Ди поворачивает голову налево, заглядывает в гостиную и видит груды книг. Деревянные доски застланы старыми коврами. На пожелтевших стенах, где когда-то висели то ли картины, то ли зеркала, красуются светлые прямоугольники. Стены выкрашены в темно-зеленый, напоминающий лес цвет. Взору девушки предстают видавший виды диван и телевизор. На полу лежит грязный голубой ковер, будто сделанный из маленьких катышков. Повсюду стоит запах смерти; не гниения или крови, но высохших костей и пыли, как в старой, давно забытой могиле. Вокруг царит сплошное разложение. Даже щеколда на одном из окон в глубине дома и та проржавела насквозь. Подоконник усеян какими-то темно-красными хлопьями. В голове Ди звучит голос замотанной Кэрен: «В доме бардак. В браке не состоит. Маргинал».
За ее спиной закрывается входная дверь. Она слышит, как ригели всех трех замков встают на место. У нее медленно, один за другим, встает на затылке дыбом каждый волосок.
– У вас дети? – спрашивает она, кивая на розовый велосипед, валяющийся на боку.

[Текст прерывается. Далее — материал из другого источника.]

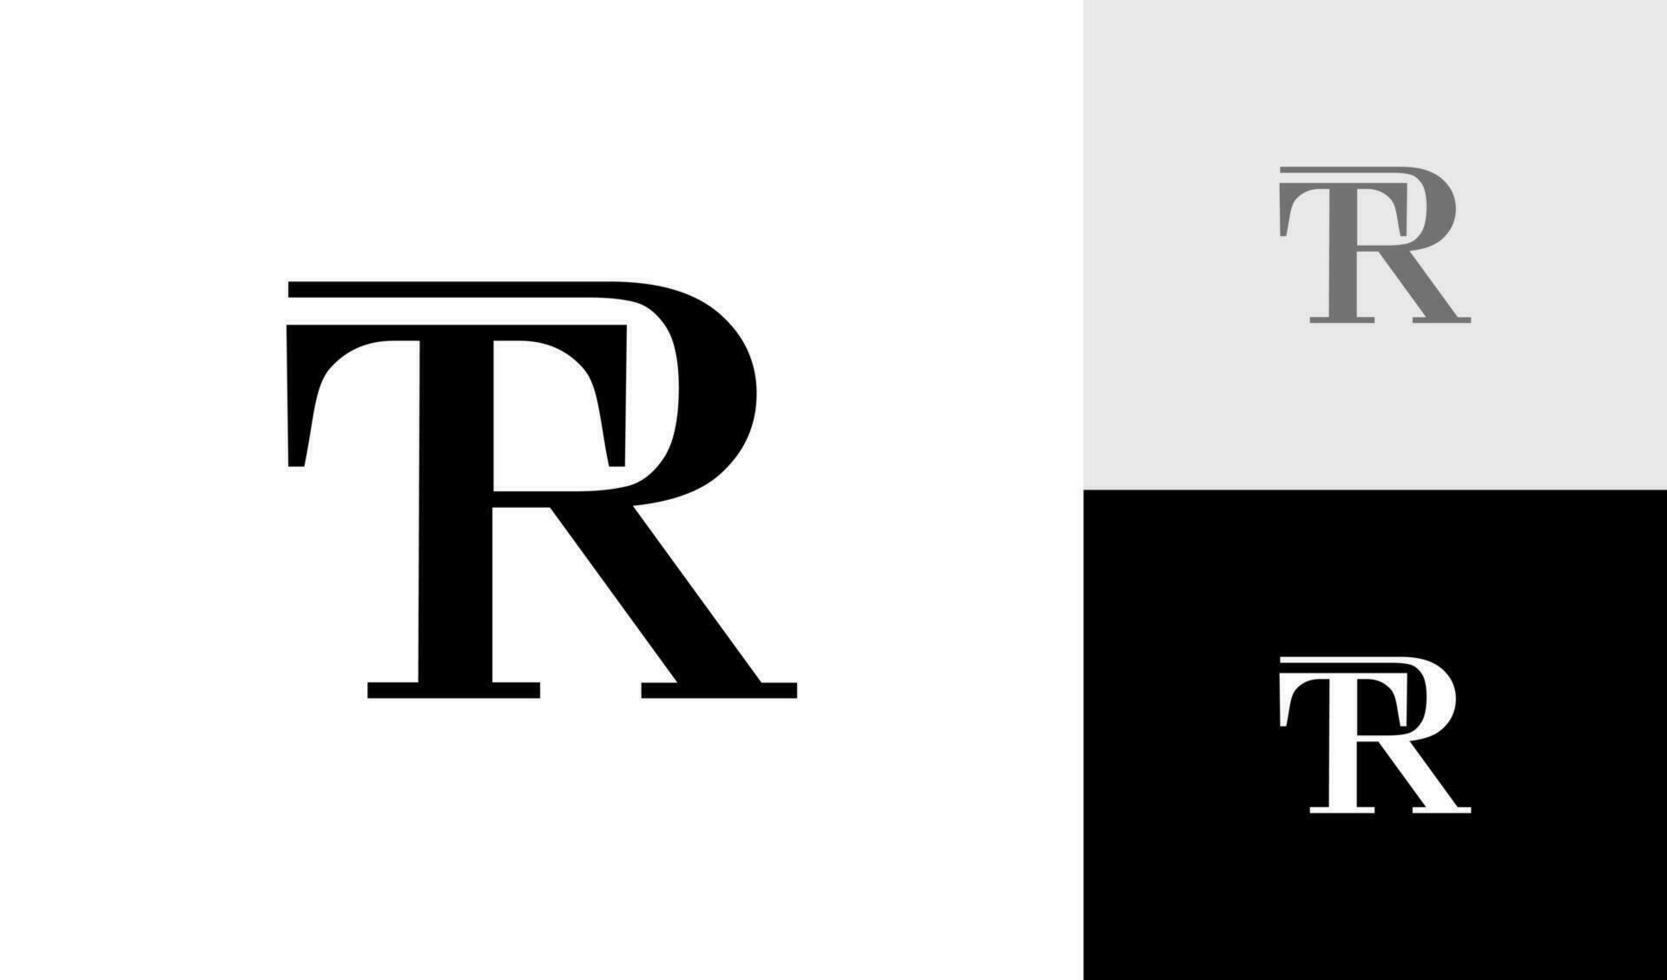 letra tr inicial monograma logo diseño vector

– Лорен, – говорит он. – Я хотел бы видеться с ней чаще, но не могу.
– Да, печально, – отвечает Ди.
А он моложе, чем она предполагала, пожалуй, чуть за тридцать. Одиннадцать лет назад как раз перешагнул двадцатилетний рубеж.
– Ванная в глубине холла, – говорит он, – вон там.
– Замечательная музыка, – добавляет она, шагая в указанном направлении.
Звучащая где-то в доме песня «кантри», исполняемая приятным, проникновенным голосом, для нее еще один сюрприз. Она видит на затылке Теда проплешины, будто там у него клочьями драли волосы маленькие кулачки. По какой-то причине от этого Ди чувствует легкое прикосновение ужаса.
В ванной девушка включает сразу оба крана, слыша, как он ждет ее по ту сторону двери. Чувствует его тревогу, его звериное дыхание. Ди в мельчайших подробностях знает свое тело, свою кожу, такую прочную в одних местах, как на пятках или мозолистых кончиках пальцев, и такую тонкую в других, в том числе на веках. Она чувствует тоненькие волосики на предплечьях, мягкие шарики глазных яблок, длинный язык и горло, пурпурные внутренние органы и мускулистое сердце, которое гонит по всему ее организму алую кровь. Причем сейчас гонит быстрее обычного. Все они очень ранимые, их можно запросто пробить, а конечности сломать: тогда брызнет кровь, кость ощетинится зазубренным переломом, глазные яблоки, стоит нажать на них двумя большими пальцами, брызнут в разные стороны. Она ищет зеркало, дабы убедиться, что пока для нее все обошлось без потерь, но ни над раковиной, ни где-то еще в этой грязной, тускло освещенной ванной его нет.
Ди сливает бачок унитаза, моет руки и открывает дверь.
– А можно попить воды? – спрашивает она. – У меня в горле пересохло. Здесь всегда так тепло? А я думала, здешние края славятся ливнями!
Ни слова не говоря, он поворачивается и тащится на кухню.
Отпивая из стакана, Ди глядит по сторонам.
– Вы охотник? Или, может, рыбак?
– Нет, – говорит он.
Потом мгновение молчит и добавляет:
– А почему вы спрашиваете?
– Раз вам понадобилось два морозильника, значит, у вас, должно быть, много мяса или рыбы.
Но, судя по всему, работает у него только небольшой холодильник. Другой – старый морозильный шкаф – открыт и пуст, крышка его откинута и прислонена к стене.
Он выглядит смущенным.
– В нем любит спать Оливия, – говорит он, – моя кошка. Когда он сломался, от него надо было избавиться, но ее эта штуковина радует, представляете? Она забирается туда и без конца довольно урчит. Так что я его оставил. Хотя, думаю, это глупость.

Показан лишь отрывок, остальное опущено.